There’s definitely a lot of hard work that has gone in here. It’s gotten hard to read because of these sentence patterns popping up everywhere.





Dunnow, reads fine to me, also seems we now have a #nothingisreal problem now where everything is AI. Given that LLMS were trained on pre-existing writing it follows that people commonly write like that.

overall I think things have gotten better. I noticed maybe 3 years before chatGPT hit the scene that I would frequent on a page that definitely didn't seem written by a native English speaker. The writing was just weird. I see less of that former style now.

Probably the biggest new trend I notice is this very prominent "Conclusion" block that seems to show up now.

Honestly I'd love to see some data on it. I suspect a lot of "that's LLM slop" isn't and others isn't noticed and lots of LLM tropes were rife within online content long before LLMs but we're now hypersensitive to certain things since they're overused by LLMs.


> Dunnow, reads fine to me, also seems we now have a #nothingisreal problem now where everything is AI. Given that LLMS were trained on pre-existing writing it follows that people commonly write like that.

Also we may have already reached a point where people are exposed so much to it they start talking naturally like AI.

We've seen it before, with the advent of internet and short text messages on mobile phone and the evolution of the music genres the writing and speaking capacity of the general population has gown downhill over the last 3 decades. I was watching video archives from the 70's and 80's a few days ago. It was striking to see that bar a few illiterate ones most random people from any social class interviewed in the streets 40-50 years ago would talk in a much more intelligible, eloquent and pleasant way than the best public orators of the 2020's.


You're absolutely right

True now.

At the same time, as a nonnative speaker of English, this is literally how we were taught to write eye-catching articles and phrases. :P

A lot of formulaic writing is what we were taught to do, especially with more formal things. (This is more of a sidenote to this example)

So in a hunt for LLMs, we also get hit.


I believe this is likely a consequence of how RLHF is done. I’ve not verified it, but I suspect the frontier model labs are outsourcing it to companies employing primarily non-native English speakers.

Back in the days I've heard it's why delve is so popular; as it's common in Nigerian English.

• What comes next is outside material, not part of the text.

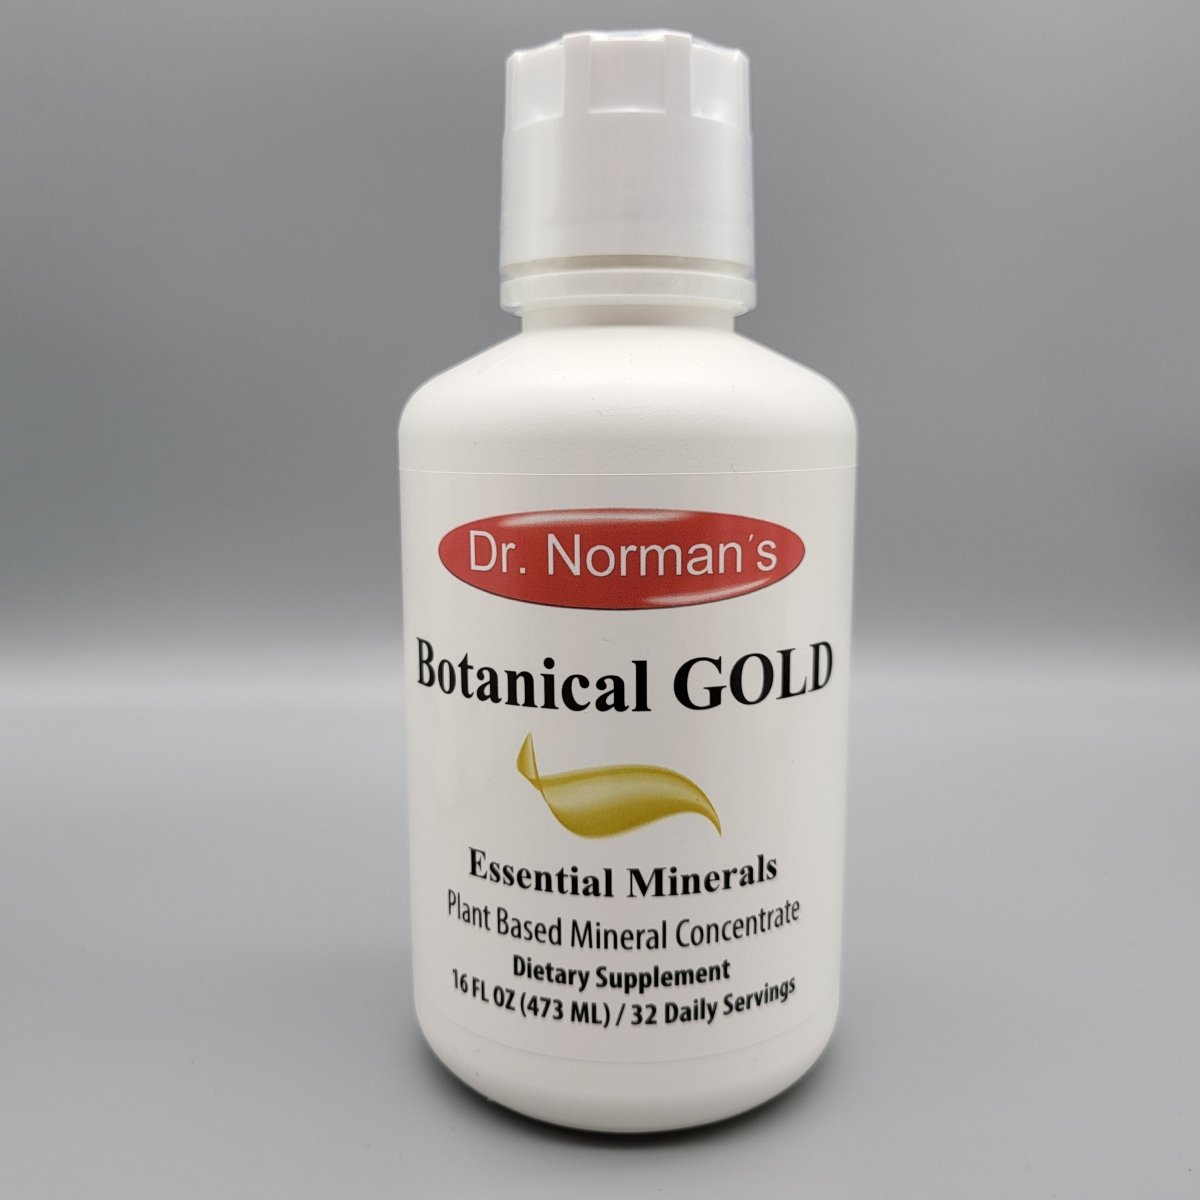 DR. NORMAN'S ESSENTIAL MINERALS - BOTANICAL GOLD (16 OZ)

I learned it from MtG and I do believe it's a very cool word and I hate that I can't use it without people raising their eyebrows.


I agree - “delve” is often a perfectly cromulent word :)

It is some kind of new Law (that ought to be named after someone) that people who write about AI are likely using it to do that writing.

(Even ironically sometimes observed in cases when the writing is disparaging of AI and the use of AI).

If the subject matter is AI, you should instantly pay attention and look for the signs it was AI assisted or generated outright.


That example sentence read more like a part of a LinkedIn post.

... Wait a minute!


You can remove this easily. We wrote a paper on how to remove this slop from LLMs.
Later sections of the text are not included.